* **Problem details**
Print, in exact form, the lines below from the one containing "Chateau d%27Arche Grand" through the one containing "life botanics Advanced", and omit all others.

═════ Material supplied

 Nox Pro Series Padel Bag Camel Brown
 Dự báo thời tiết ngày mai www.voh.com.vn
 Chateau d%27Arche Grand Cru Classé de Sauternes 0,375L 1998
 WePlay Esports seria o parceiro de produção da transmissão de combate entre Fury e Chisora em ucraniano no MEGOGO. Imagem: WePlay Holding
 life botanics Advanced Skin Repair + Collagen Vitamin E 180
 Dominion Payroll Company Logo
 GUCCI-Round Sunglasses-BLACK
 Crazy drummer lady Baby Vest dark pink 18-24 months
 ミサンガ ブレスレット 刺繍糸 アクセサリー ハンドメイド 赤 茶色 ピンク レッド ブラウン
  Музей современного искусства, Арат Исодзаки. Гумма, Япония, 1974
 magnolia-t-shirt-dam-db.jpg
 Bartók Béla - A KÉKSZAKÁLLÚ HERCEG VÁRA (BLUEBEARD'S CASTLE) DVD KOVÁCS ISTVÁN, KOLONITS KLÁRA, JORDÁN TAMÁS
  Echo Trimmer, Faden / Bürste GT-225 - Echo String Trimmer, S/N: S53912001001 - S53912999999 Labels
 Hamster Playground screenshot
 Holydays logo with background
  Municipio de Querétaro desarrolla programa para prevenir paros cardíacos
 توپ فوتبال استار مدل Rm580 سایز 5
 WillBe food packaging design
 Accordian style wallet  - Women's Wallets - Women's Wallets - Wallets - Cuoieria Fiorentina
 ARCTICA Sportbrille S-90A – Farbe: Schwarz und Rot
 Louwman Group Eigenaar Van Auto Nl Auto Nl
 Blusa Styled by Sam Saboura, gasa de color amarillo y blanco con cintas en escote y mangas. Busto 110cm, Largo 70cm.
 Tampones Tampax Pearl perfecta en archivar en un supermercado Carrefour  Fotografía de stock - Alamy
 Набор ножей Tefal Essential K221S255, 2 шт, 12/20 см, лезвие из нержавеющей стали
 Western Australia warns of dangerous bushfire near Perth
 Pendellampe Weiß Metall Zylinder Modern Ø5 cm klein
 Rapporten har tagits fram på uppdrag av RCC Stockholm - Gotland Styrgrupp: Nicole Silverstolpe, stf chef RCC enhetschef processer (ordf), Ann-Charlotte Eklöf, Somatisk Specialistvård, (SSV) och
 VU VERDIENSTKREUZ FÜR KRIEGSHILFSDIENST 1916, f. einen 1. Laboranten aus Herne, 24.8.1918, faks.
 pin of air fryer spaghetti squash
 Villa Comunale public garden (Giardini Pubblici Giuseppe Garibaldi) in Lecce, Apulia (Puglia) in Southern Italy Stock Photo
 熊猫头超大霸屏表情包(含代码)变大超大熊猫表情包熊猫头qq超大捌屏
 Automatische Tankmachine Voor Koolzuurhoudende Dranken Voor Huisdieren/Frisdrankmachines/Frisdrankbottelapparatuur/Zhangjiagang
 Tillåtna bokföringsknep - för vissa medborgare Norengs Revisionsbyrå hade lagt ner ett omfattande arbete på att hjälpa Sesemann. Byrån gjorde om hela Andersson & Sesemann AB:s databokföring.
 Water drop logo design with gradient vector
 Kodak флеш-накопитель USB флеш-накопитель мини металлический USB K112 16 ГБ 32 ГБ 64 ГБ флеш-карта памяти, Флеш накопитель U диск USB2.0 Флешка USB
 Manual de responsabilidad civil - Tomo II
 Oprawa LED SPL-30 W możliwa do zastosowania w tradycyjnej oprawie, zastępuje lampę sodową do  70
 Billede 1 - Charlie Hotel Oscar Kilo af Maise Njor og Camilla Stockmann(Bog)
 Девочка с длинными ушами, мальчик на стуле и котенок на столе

══════════

* **Expected output**
 Chateau d%27Arche Grand Cru Classé de Sauternes 0,375L 1998
 WePlay Esports seria o parceiro de produção da transmissão de combate entre Fury e Chisora em ucraniano no MEGOGO. Imagem: WePlay Holding
 life botanics Advanced Skin Repair + Collagen Vitamin E 180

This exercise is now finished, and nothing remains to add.